National Privacy Commission
FREQUENTLY ASKED QUESTIONS
FOR LIFE INSURANCE
The Insurance Code provides for 2-years incontestability period of insurance policies. Naturally, if the risk insured against occurs within those 2 years, the insurer will investigate the claim for any concealment. Such investigation usually requires the services of independent investigators. Can sharing in this case be done without the consent of the subject then, on the ground that it is allowed under applicable laws and regulations?
Section 13 of the Data Privacy Act of 2012 provides that processing of sensitive personal information is prohibited except in any of the enumerated cases.
This case illustrated may fall under the second and/or the sixth criteria, wherein processing of sensitive personal information is provided for by existing laws and regulations and/or when the processing is necessary for the protection of lawful rights and interests of natural or legal persons in court proceedings, or the establishment, exercise, or defense of legal claims.
Hence, this processing for investigating insurance claims does not need consent of the data subject.

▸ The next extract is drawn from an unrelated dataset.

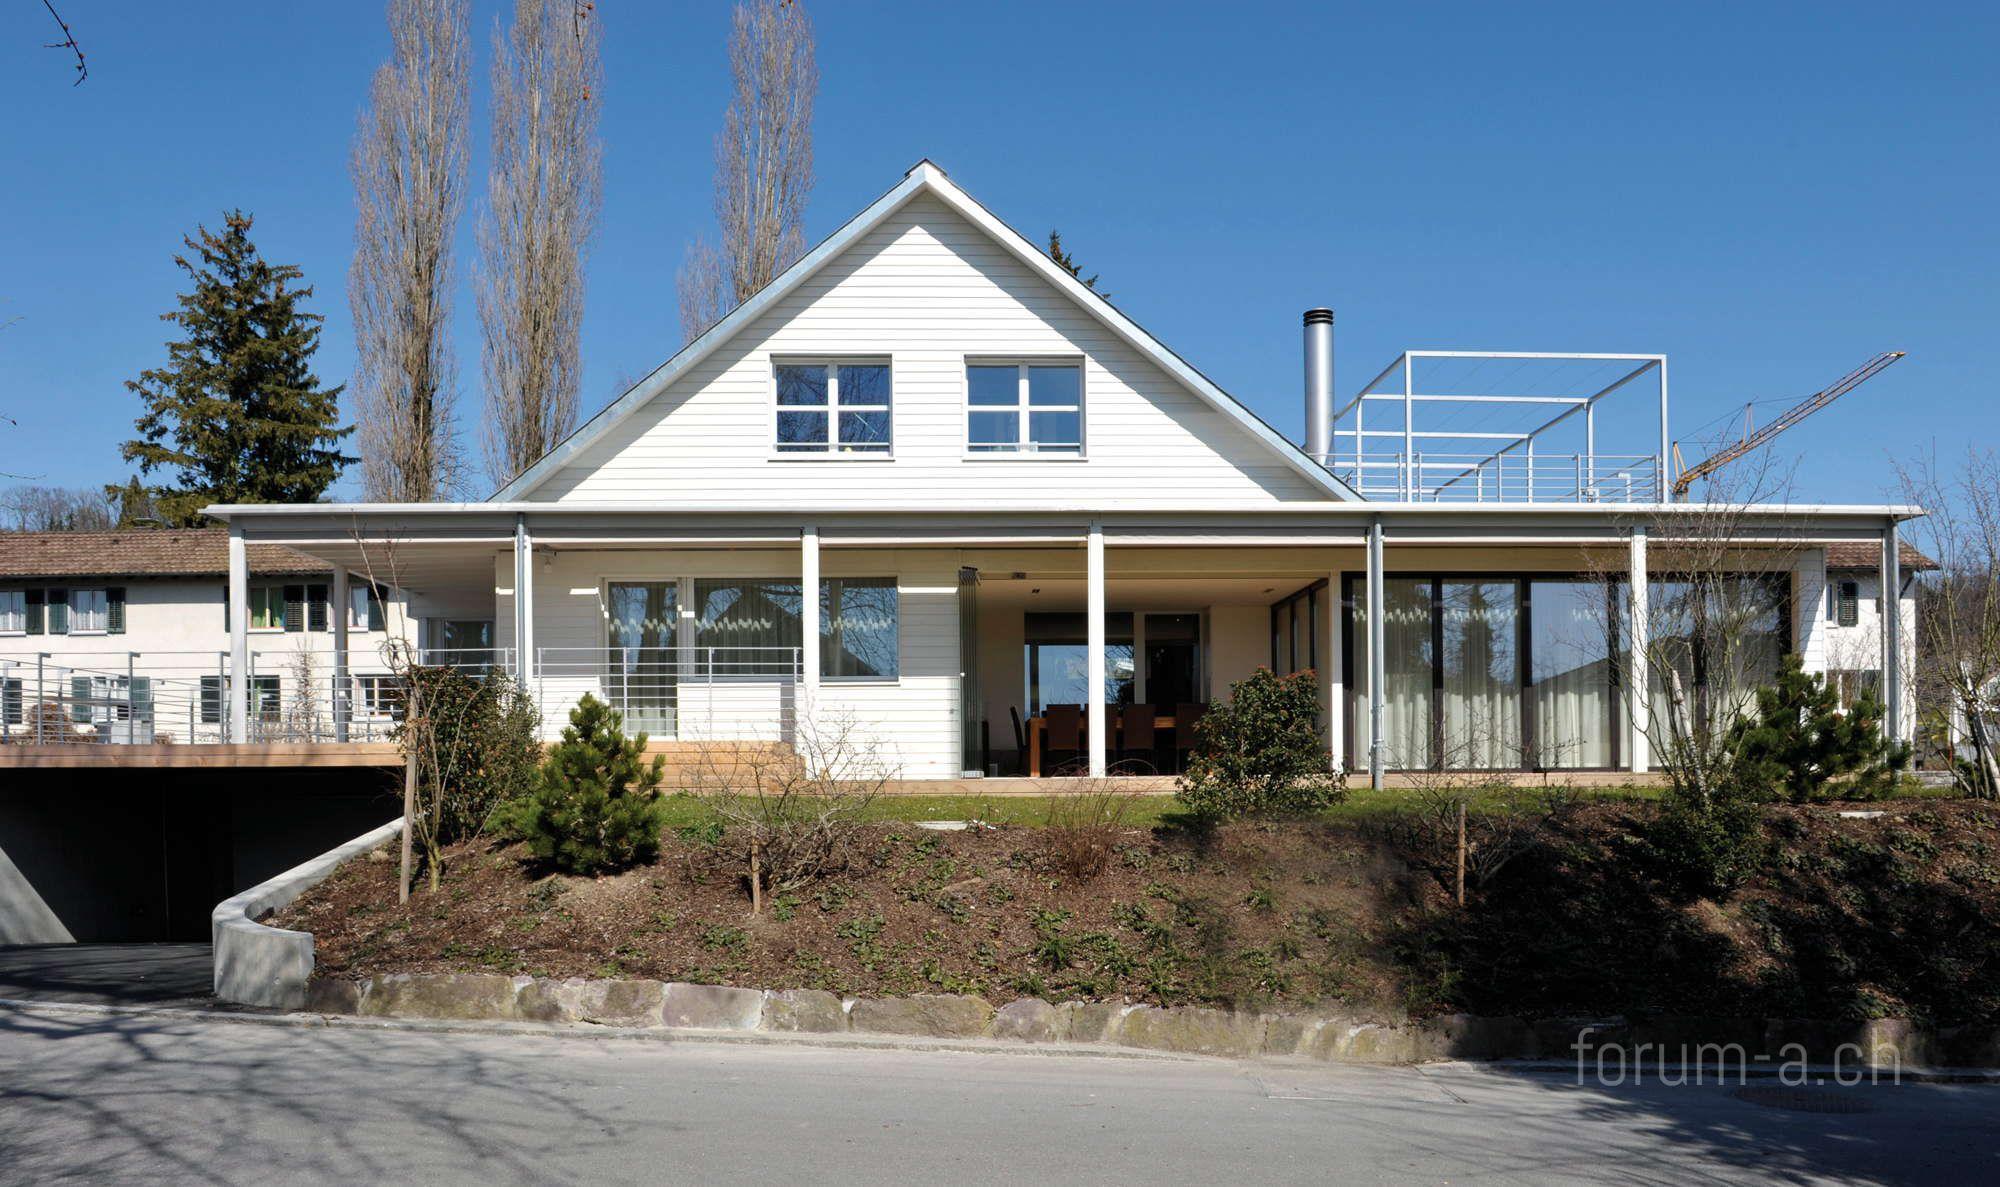 Umbau und erweiterung einfamilienhaus in meilen forum a for Innenarchitektur einfamilienhaus

However, the company must ensure that personal data is secured and protected when shared for investigation purposes. The fact that the company may obtain services of independent investigators should also be included in the contract with the customer and in its privacy notice.
Yes, both manual and electronic or automated process must be registered with the NPC. Processing has been described in the IRR to be an operation or set of operations which may be performed through automated means or manual processing, if personal data are contained or intended to be contained in a filing system.

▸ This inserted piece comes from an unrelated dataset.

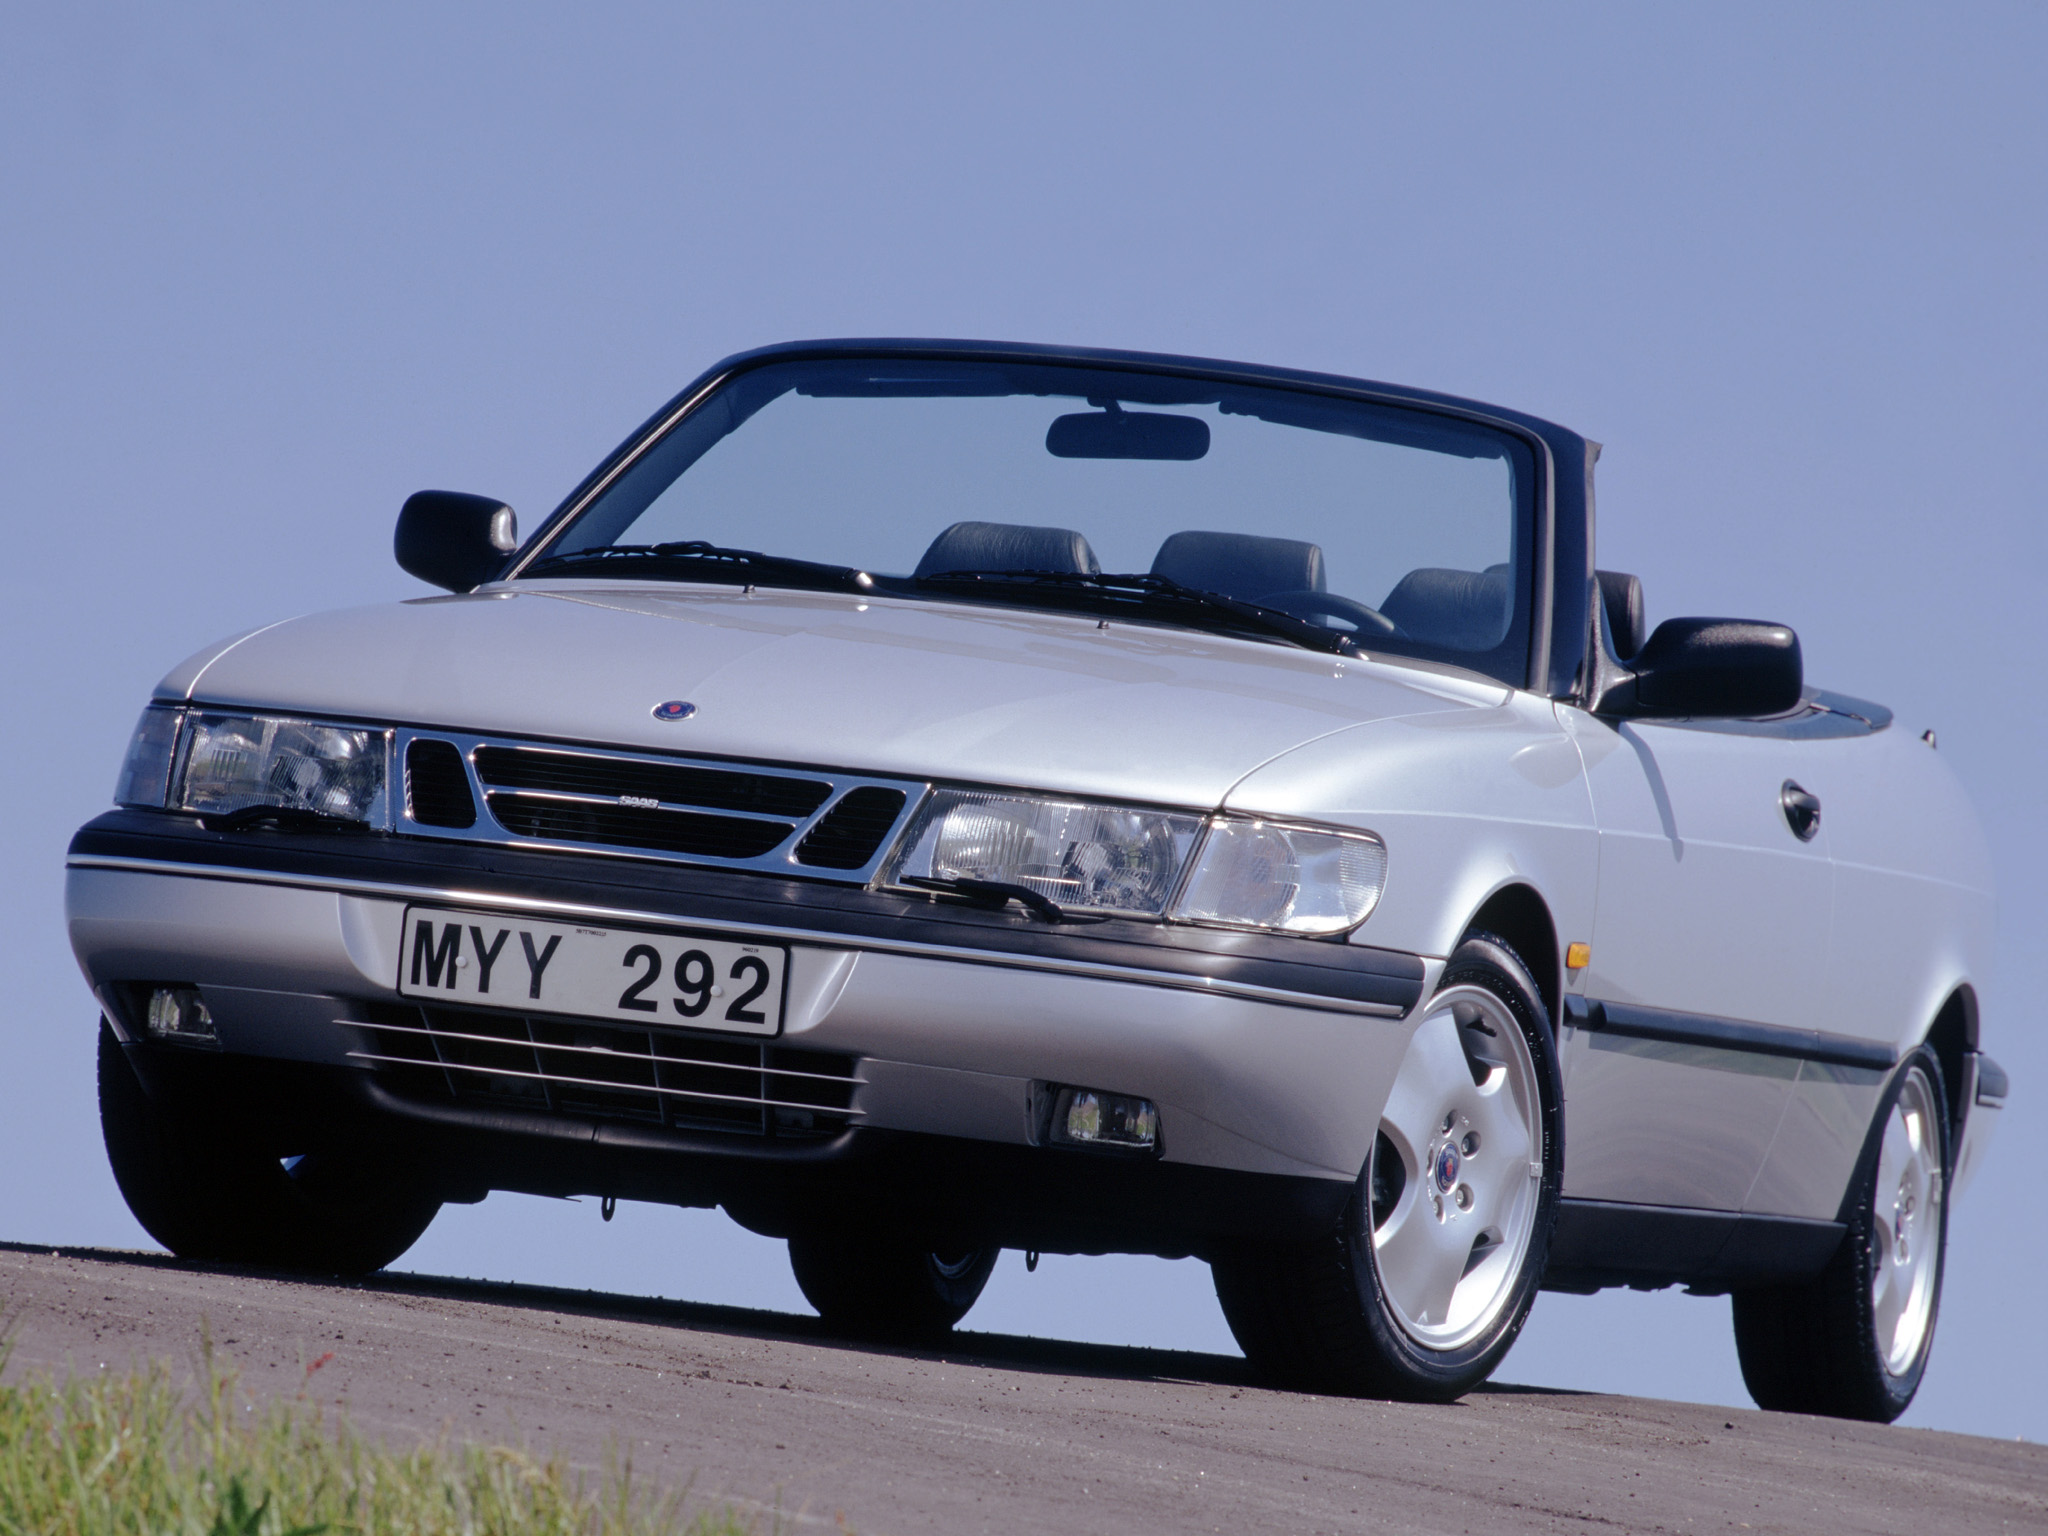 Andra generationens Saab 900 med premiär 1993, en relativt medelmåttig vagn men både kompetent och populär i det för USA så viktiga Cabriolet-utförandet (som på bilden).

Section 3(f) of NPC Circular No. 17-01 defines a processing system as a structure and procedure by which personal data is collected and further processed in an information and communications system or relevant filing system, including the purpose and intended output of the processing.
Section 8 of NPC Circular No. 16-01 provides that all personal data that are digitally processed must be encrypted, whether at rest or in transit. For this purpose, the NPC recommends Advanced Encryption Standard with a key size of 256 bits (AES-256) as the most appropriate encryption standard.
Although NPC Circular 16-01 is addressed to all government branches, agencies, bureaus, offices, LGUs, GOCCs and state colleges and universities, it may be used by the private sector as reference.
For security measures, the NPC will also look at industry standards, provided that this standard is not below the level of security provided in the Data Privacy Act and related issuance of the Commission.
We must distinguish between the processing of personal data based on the existing contracts for insurance and those processing for a secondary purpose, i.e. sharing of personal data for marketing purpose.
It is evident that insurance companies must continue processing data of their clients if there is an existing contractual obligation for providing insurance. However, the processing for a purpose other than the provision of insurance services is another matter. This is where the consent requirement is necessary. Where no sensitive information is used, consent may not be required if company can demonstrate that processing is necessary for the purposes of its legitimate interests, except where such interests are overridden by fundamental rights and freedoms of the client.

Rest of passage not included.